Pennsylvania Legislators Propose New Statutes Relating to Forced Pooling and Royalty Payments

Since it was signed by the Governor in July 2013, Pennsylvania’s new law allowing drillers to pool leased properties into one unit for horizontal wells, as long as the oil and gas contracts in effect do not prohibit these combinations, has met with much criticism. See prior blog dated September 10, 2013, “Pennsylvania State Representative wants to repeal new gas pooling law.”

 Representative Jesse White (D-Washington) has now introduced House Bill 1700 which would ban the “forced pooling” of natural gas leases. Rep. White refers to forced pooling as “eminent domain for drillers” because it would allow operators to drill under property even if the landowner does not want to lease his land.

He wants to ensure that lessors who agreed to shallow drilling are not inadvertently drawn into having deeper, Marcellus Shale wells drilled on or under their property. The proposed statute provides that the “rule of capture” still applies, and a driller is not precluded “from extracting gas that has seeped onto an adjacent property, for which a valid lease exists.”

House Bill 1684 and House Bill 1650 both would limit what can be deducted from royalty payments.
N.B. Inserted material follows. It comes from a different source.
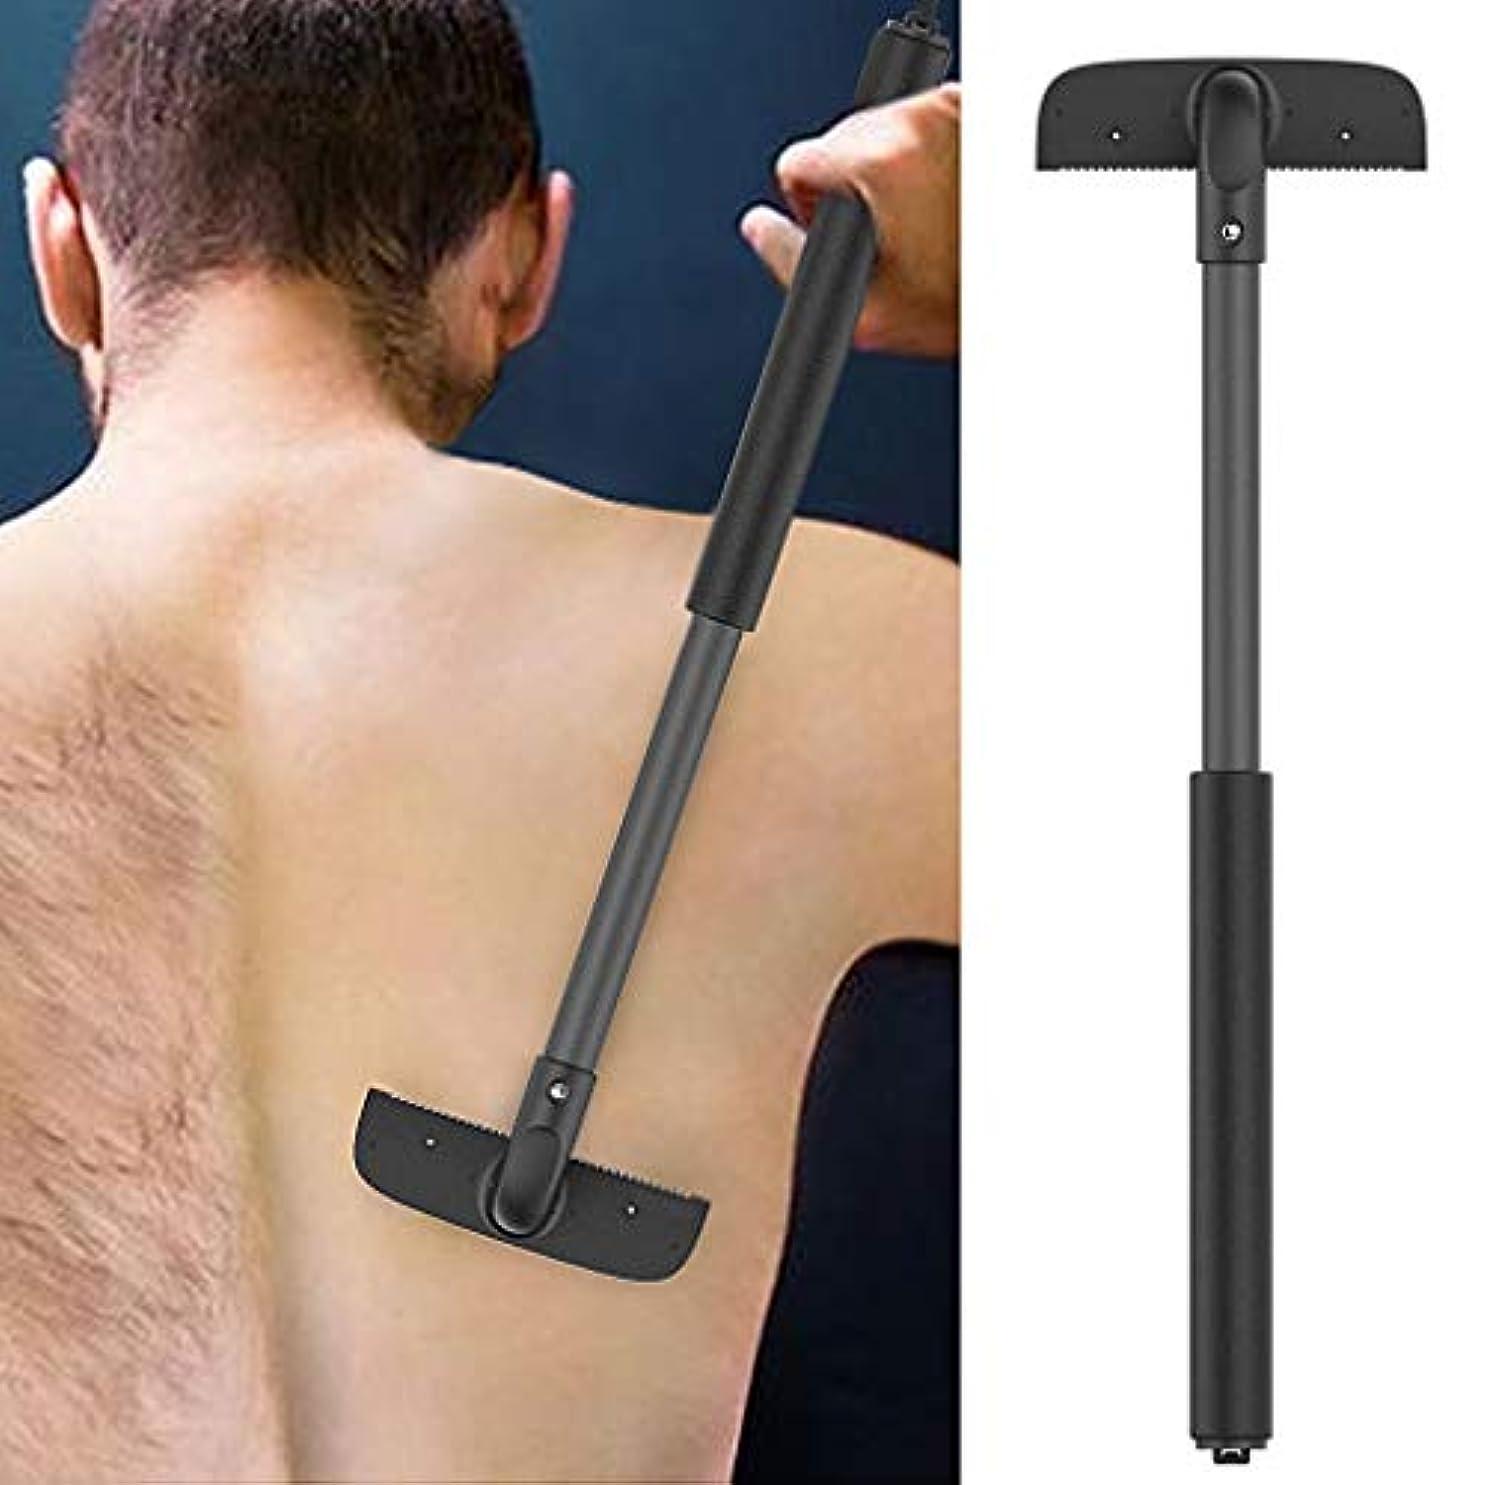 モンスター翻訳者程度Back Hair Removal And Body Shaver、バックヘアとボディシェーバー、男性のための剃刀、調節可能なハンドル、伸縮可能なトリマー剃刀脱毛装置 除毛 ムダ毛処理
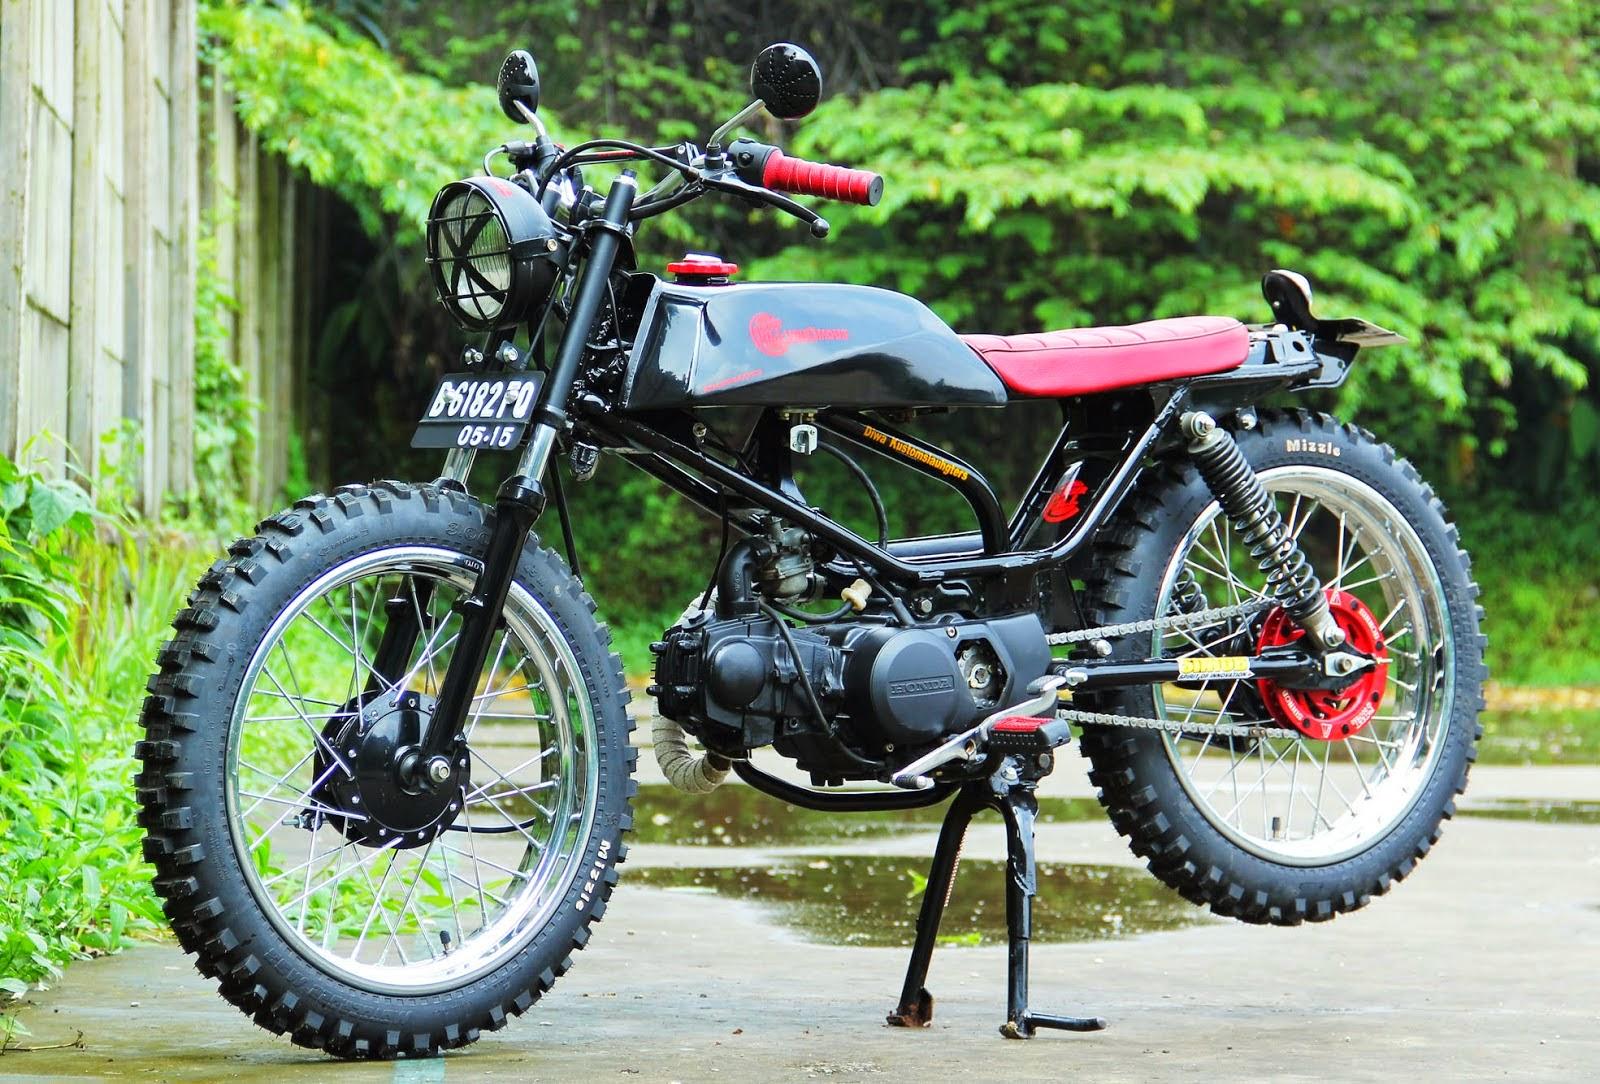 Modifikasi Motor Honda Jadi Harley Gambar Modifikasi Terbaru

H.B. 1684 provides that a lease cannot allow any deductions for “severance or other production taxes or costs associated with producing, gathering, storing, separating, treating, dehydrating, compressing, processing, transporting, marketing or other marketing enhancements to be deducted from any royalty payable to a lessor if such deductions result in a royalty of less than one-eighth calculated under the first marketable product doctrine.”

Under H.B. 1650, the “lessee shall compute and pay oil and gas royalties…on the gross proceeds received by the seller based on the fair market value at the point of sale.” The lessee cannot deduct severance taxes, impact fees, and post-production costs (gathering, dehydration, compression, treatment, processing, marketing and transportation costs).